People as Code 4 - Entropic Systems

Embracing Entropy as a concept for design. Turning from the theoretical to the practical. Observability, not measurement. Questions as interfaces, data as plural

People as Code 4 - Entropic Systems
Photo by Nik / Unsplash

The first three chapters explored metaphor, but this one, this one is about practice.

If People as Code asked whether people could be co-authors of systems, and People as Code 3 - Quantum Uncertainty reminded us that all systems are in flux, then this chapter asks:  What could we build, now, if we took those ideas seriously?

What would technology, governance, and funding look like if we designed not for control, but for entropic stability - systems that stay alive because they move?


Designing for entropy

Entropy isn’t chaos; it’s diversity, motion, difference. A living system needs it.

Our current models of tech, of governance, of funding do the opposite. They optimise. They converge. They narrow the field of possible futures until only one remains: the most efficient one or the least risky one. 

What if we built systems that got healthier as they diversified? Where friction, noise, and drift were design goals, not bugs to eliminate.

Where experiments didn’t have to justify themselves by “working,” but by expanding what was possible to know.


Observability, not measurement

We’ve learned that measurement collapses the system. It defines what counts, and everything else falls away. So instead of measurement, what if we build for observability, making it easy to see, sense, narrate what’s happening, without forcing everything into metrics too soon.

Measurement is passive, but observation is participatory. It allows patterns to emerge before they are judged and gives room for people to make sense of what they see, collectively.
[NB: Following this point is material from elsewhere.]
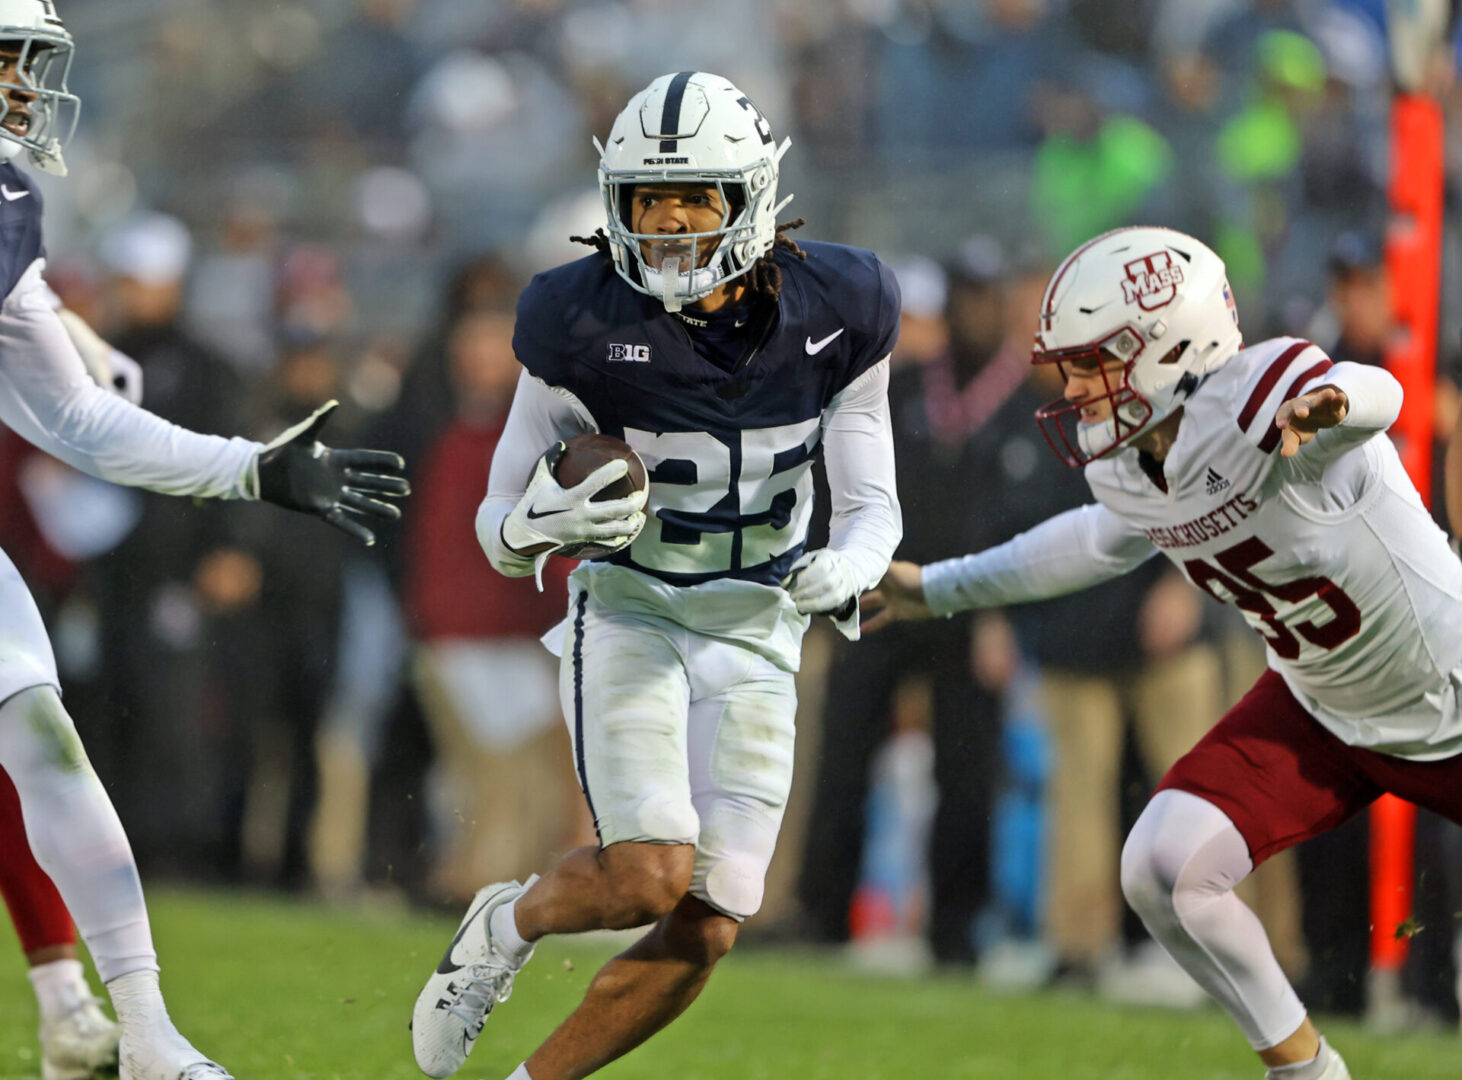 Penn State Football: Blue-White to Provide a Glimpse into Punt Return Battle

Imagine social dashboards built around questions, not KPIs.

  • What’s changing?
  • What are we noticing?
  • What do we not yet understand?

Data as Conversations, not verdict.


Collective foundations

If the last 4 years of AI has taught us anything, it’s that foundational models matter. They become the substrate for everything else that follows.
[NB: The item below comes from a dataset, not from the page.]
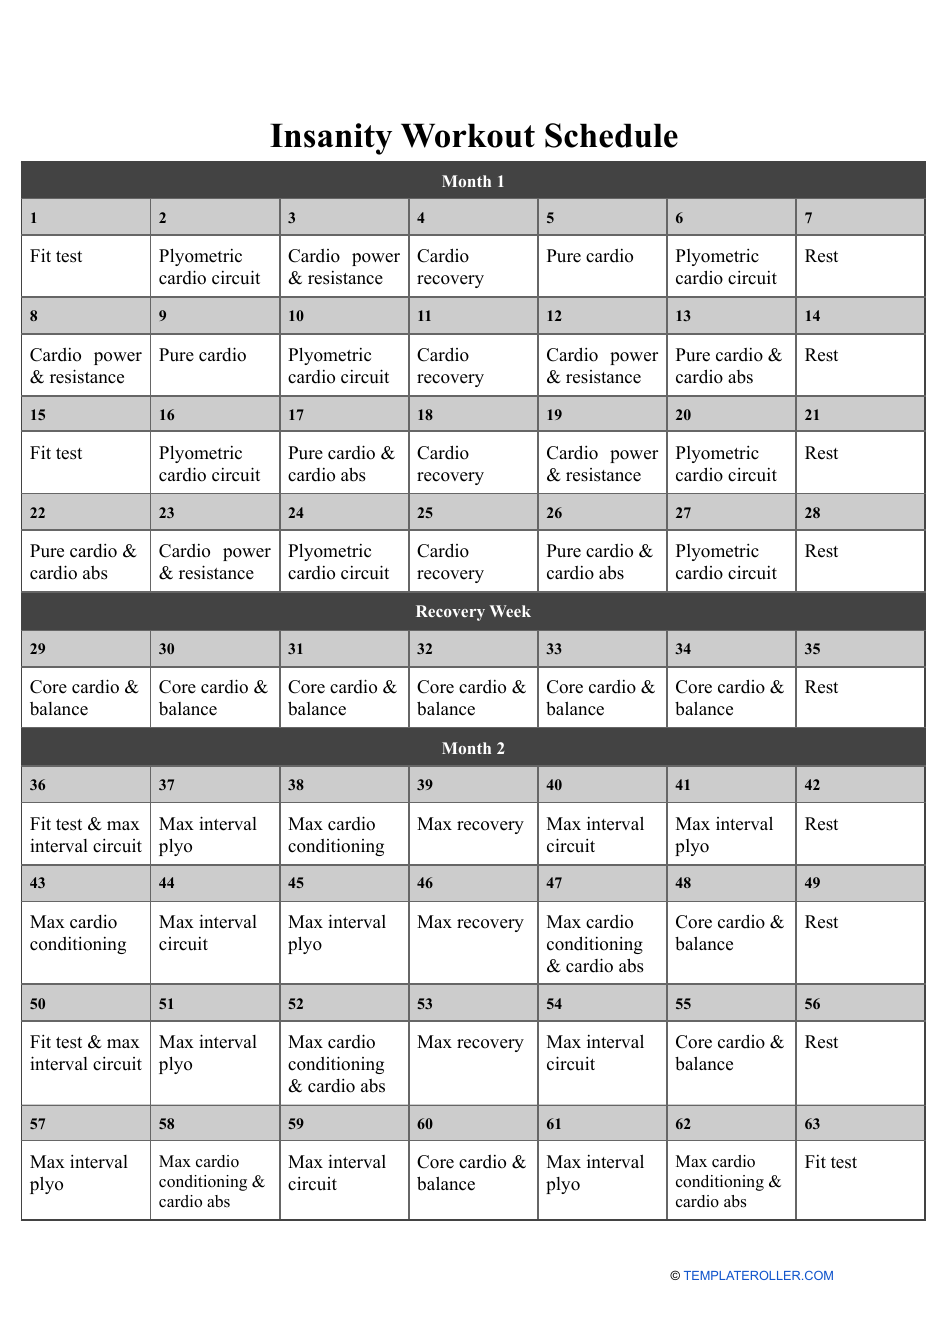 Insanity Workout Schedule Download Printable PDF Templateroller

But the question is, whose foundation?

Imagine if social purpose organisations built their own models. Trained not just on language, dark corners of the internet, stolen creativity and hate filled socials; but on lived experience, community archives, oral histories. And what if these models were governed by collectives, not corporations. 

A shared model doesn’t mean uniformity. It means we decide together what’s “real enough” to train on. We define consent, representation, and use together.

This isn’t open data in the old sense; it’s collective data sovereignty. A foundation not of code, but of trust.


Governance as flow

In most organisations, governance is static.  Structures, committees, thresholds built to hold still.

But what if governance moved? What if it evolved as quickly as the world it seeks to guide?

Imagine:

  • Priorities and metrics that evolve over time, assumed to be fluid.
  • Ongoing consent, revisited as relationships change.
  • Decisions made at the edge, where context lives.
  • Governance as a conversation, not a constitution.

Data as plural

We’ve built data systems that value consistency over truth, but in reality, truth is often contradictory.

What if we treated different forms of data,  stories, images, feelings, local knowledge as legitimate inputs? Not to “validate” them, but to let them coexist.

Because in complex systems, contradiction is signal, not noise. Plural data creates plural futures.


Questions as interfaces

Interfaces shape attention. Right now, most are built for ‘certainty’, built for answers.

But what if the interface began with questions? “What do you want to learn?”  “What tension are you sitting with?”

Each question would open a pathway through the data, not to deliver certainty, but to show the plurality of possible answers.

The goal wouldn’t be consensus, but comprehension: seeing how different perspectives entangle.


Beyond technology

This isn’t just about software. It’s about how we fund, organise, and govern.

What if funding worked like quantum probability — multiple possibilities coexisting until observed? Instead of one “winning” proposal, fund several small, divergent paths. Let them interact, combine, and evolve.

What if governance of an ecosystem,  a network of organisations, was distributed like a neural net? No single node in charge, but pattern recognition across many.

What if we replaced “impact frameworks” with learning frameworks, systems that reward adaptation, not perfection?


A living architecture

We could start small.

  • A fund that tracks learning rather than outputs.
  • A data commons governed by those it represents.
  • An AI model trained on stories, consented to by communities.
  • A policy lab that treats uncertainty as design material.

Each one would be a node in a living architecture, a prototype for how we might build, together, in a world that refuses to stay still.